Demokrasiye ve halkın iradesine engel olmaya çalışan her türlü oluşumun, kalkışmanın, adı ne olursa olsun bu durumun karşısındayız, karşısında olacağız. Genel Başkanımız Sayın Dr. Devlet Bahçeli’nin olayların yaşandığı, halkımızın anlama çalıştığı ilk anlarda, ordu komutanlarından önce yaptığını hükümetin yanındayız açıklamasıyla; Devlet adamlığını bir kez daha göstermiştir oldu. Darbe teşebbüsünün ilk kırılması ve psikolojik üstünlüğün ilk ivmesi burada kazanılmıştır. Kendisine millet olarak teşekkür ediyoruz. Ülkücü camia sağduyu ve propagandalara gelmeme çağrısıyla beklide olması istenen iç savaş ortamına imkan vermemiş, karanlık sürecin tarafı olmamıştır.
Diğer yönden Türk Silahlı Kuvvetlerinin ve Mehmetçiğin gururumuz, onurumuz olduğunun altını çiziyorum, sapla saman ayırt edilmesi gerektiği ısrarla savunuyorum. Ordunun içinden bir grup çıktıysa tüm ordumuzu yaftalamak çok büyük bir belirsizliktir. Çünkü güçlü ordu, güçlü Türkiye cümlesini söylemiyorum, haykırıyorum.

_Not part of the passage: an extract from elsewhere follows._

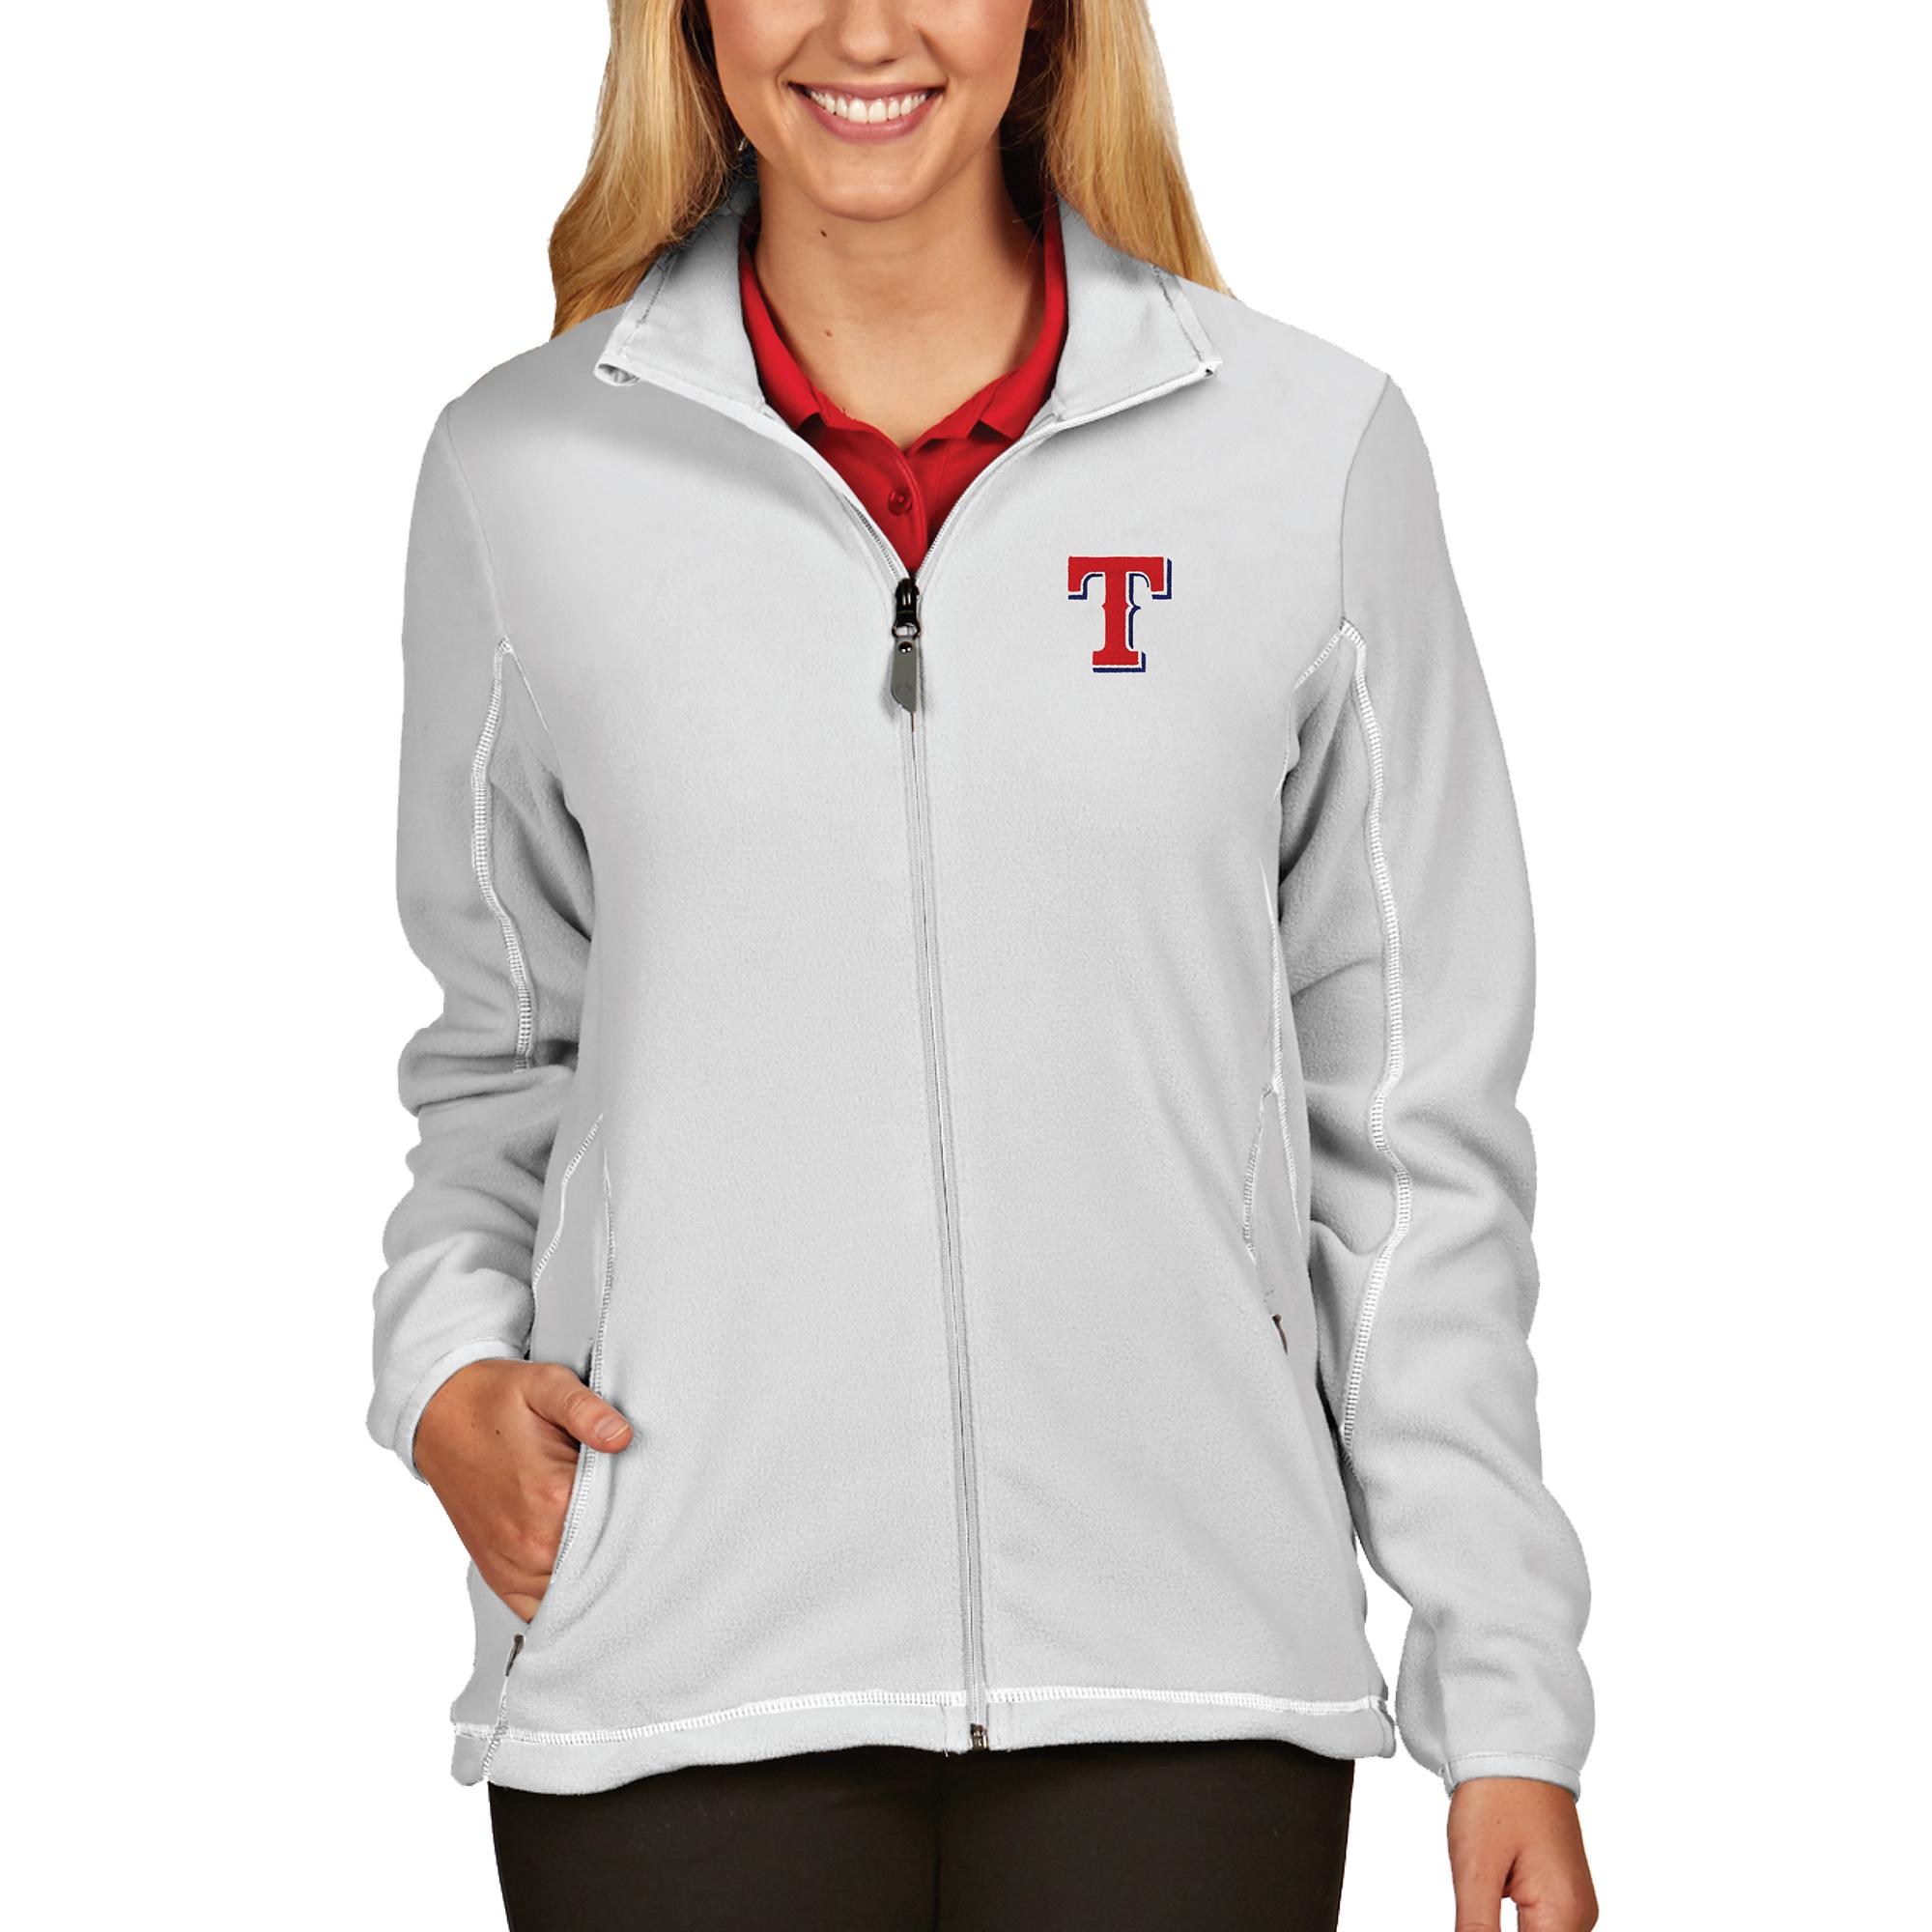 Texas Rangers Antigua Women's Full Zip Ice Jacket - White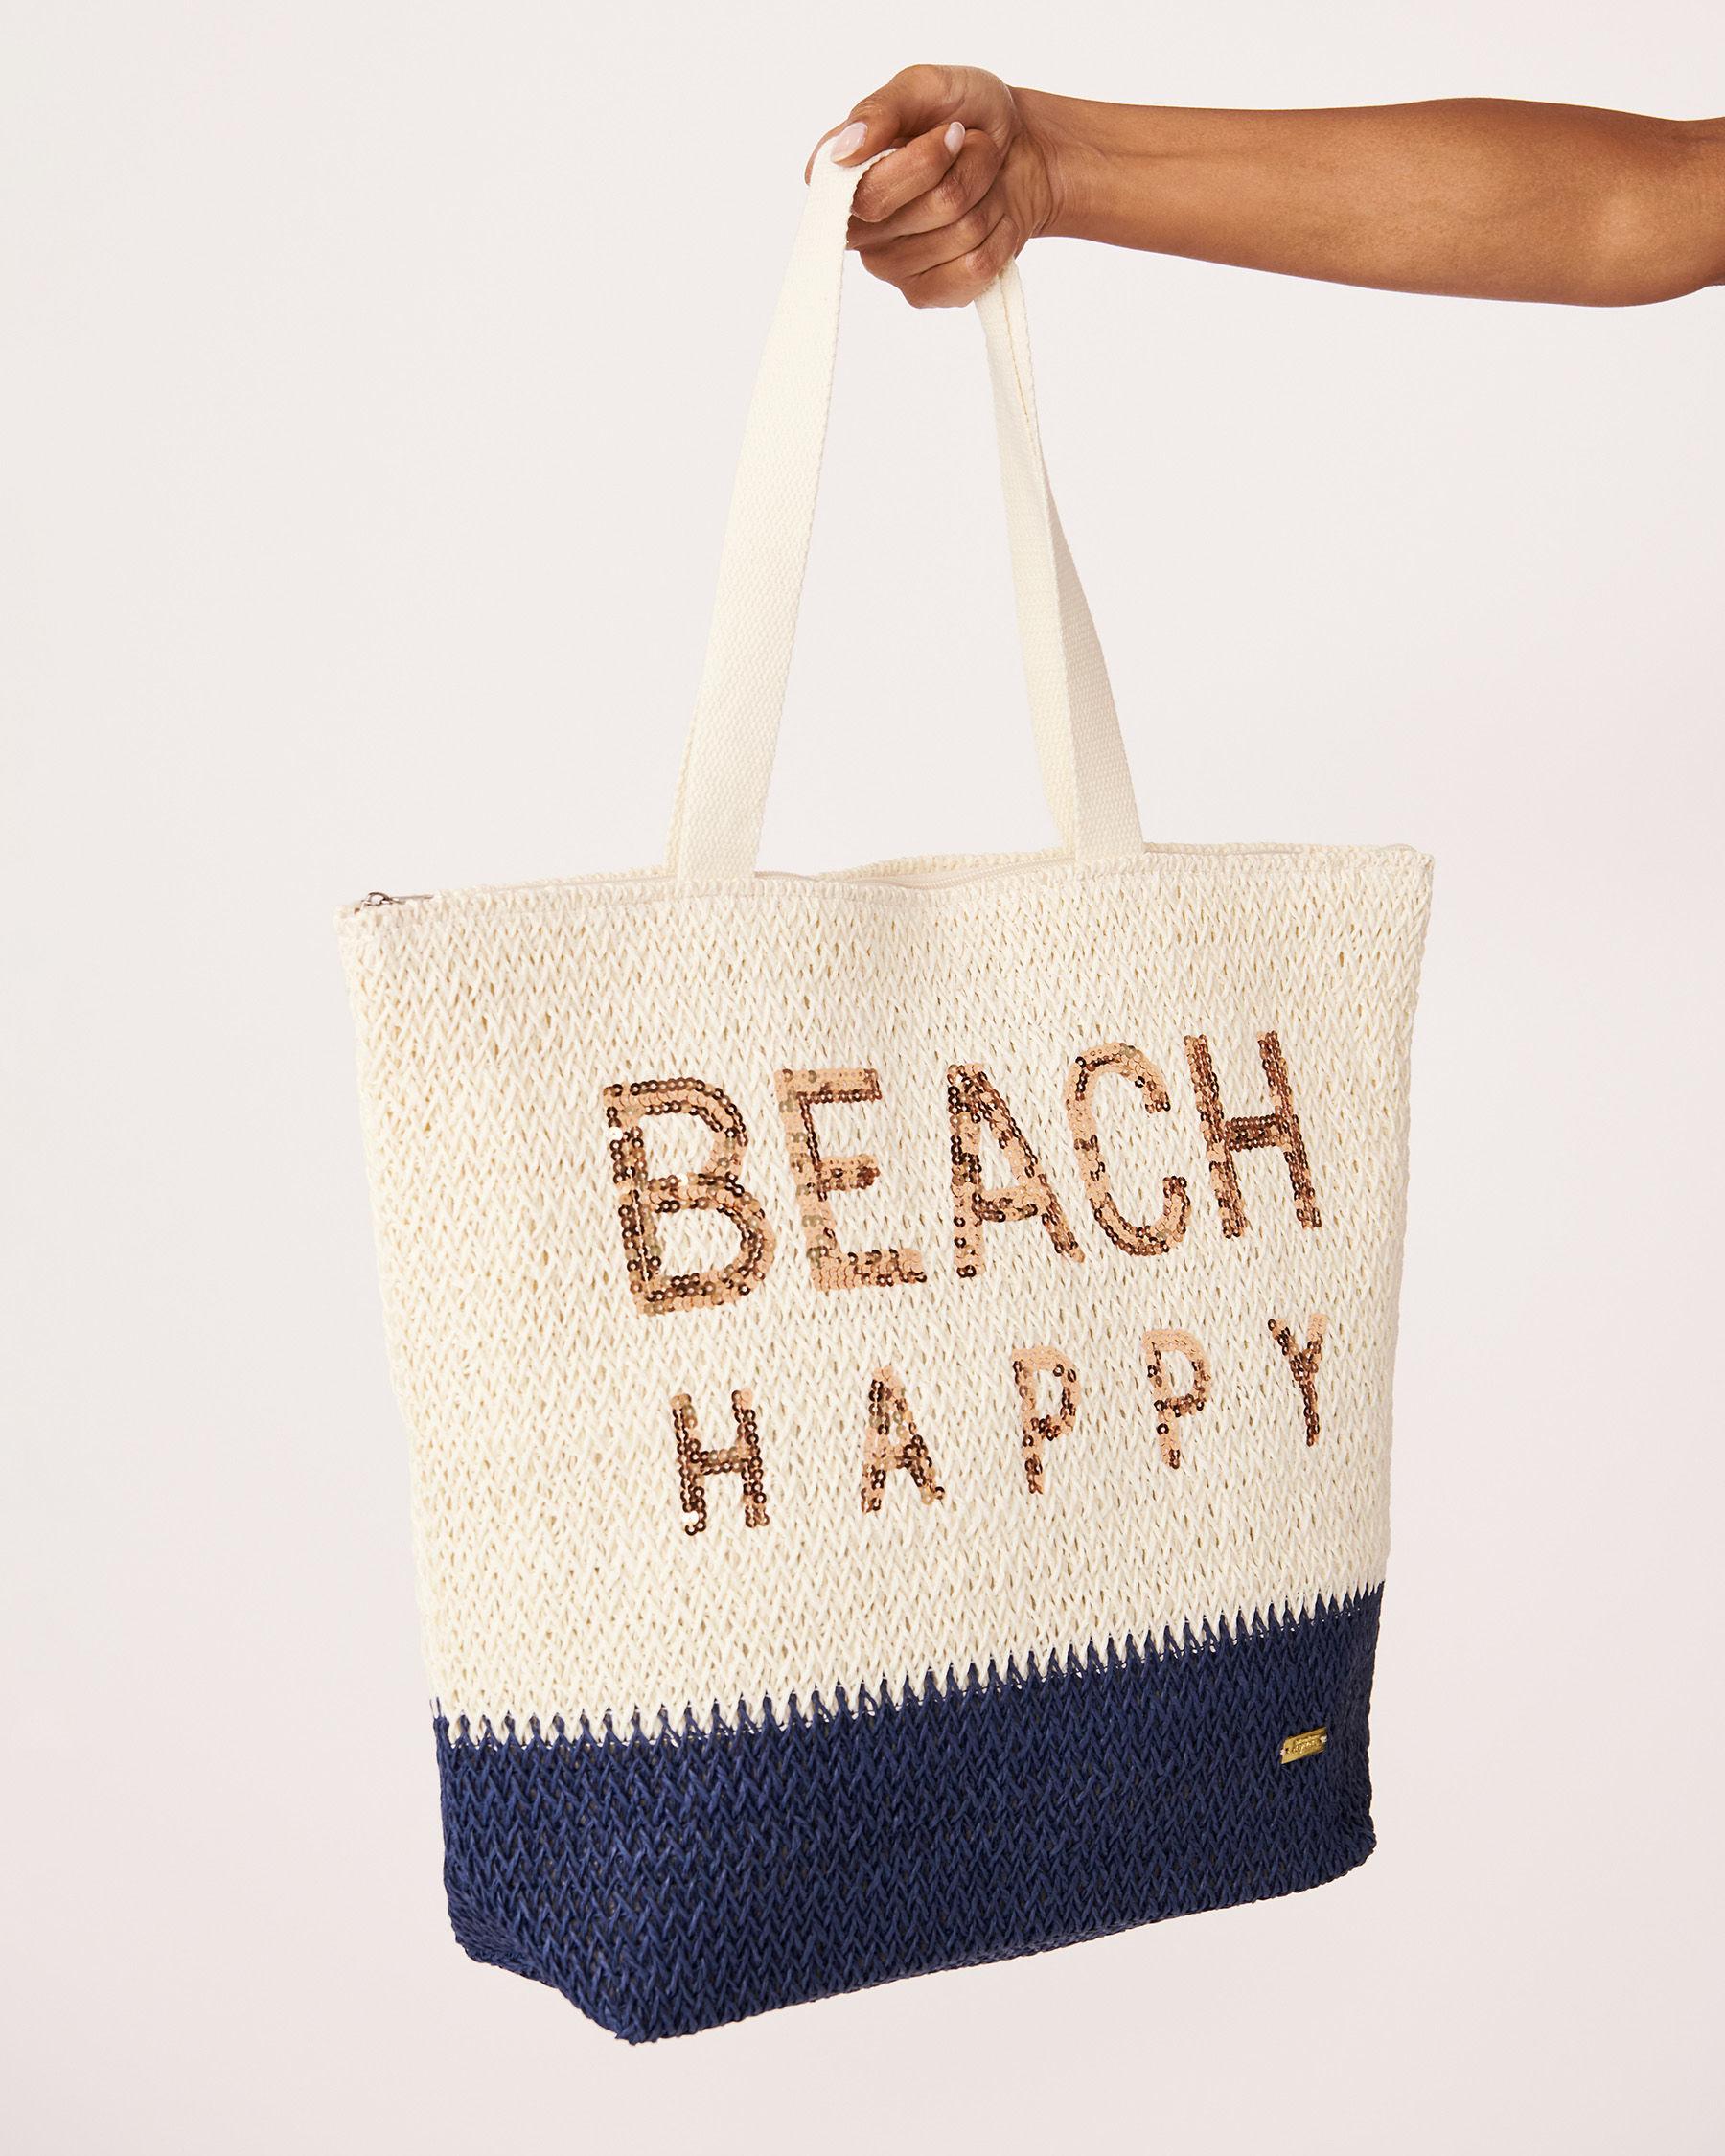 LA VIE EN ROSE AQUA BEACH HAPPY Bag Beige 635-661-0-11 - View2

Mehmetçiğe, tezkere için gün sayan kınalı kuzularımız; kalabalıktan güç bularak; kemerle, sopayla, hatta şehit ederek müdahale edenleri kınıyorum ve onları vicdanlarıyla baş başa bırakıyorum.
Bu süreç bence yaşandı ve bitti en önemlisi bundan sonra ki hukuk süreçtir. Bu sürecin şeffaf, duygusallığa bakmadan, hızlı bir şekilde işleyip suçluların biran önce adalete hesap vermesini bekliyoruz. Türkiye Cumhuriyeti Devletinin biran önce normalleşip gündelik hayatına dönmesi ve hükümetin bu psikolojiyi kaşımak değil halkı rahatlatmak eylemin de olmasını bekliyoruz. Cenabı Allah bir daha bu millete böyle acılı geceler yaşatmasın inşallah. Diyerek sözlerini tamamladı.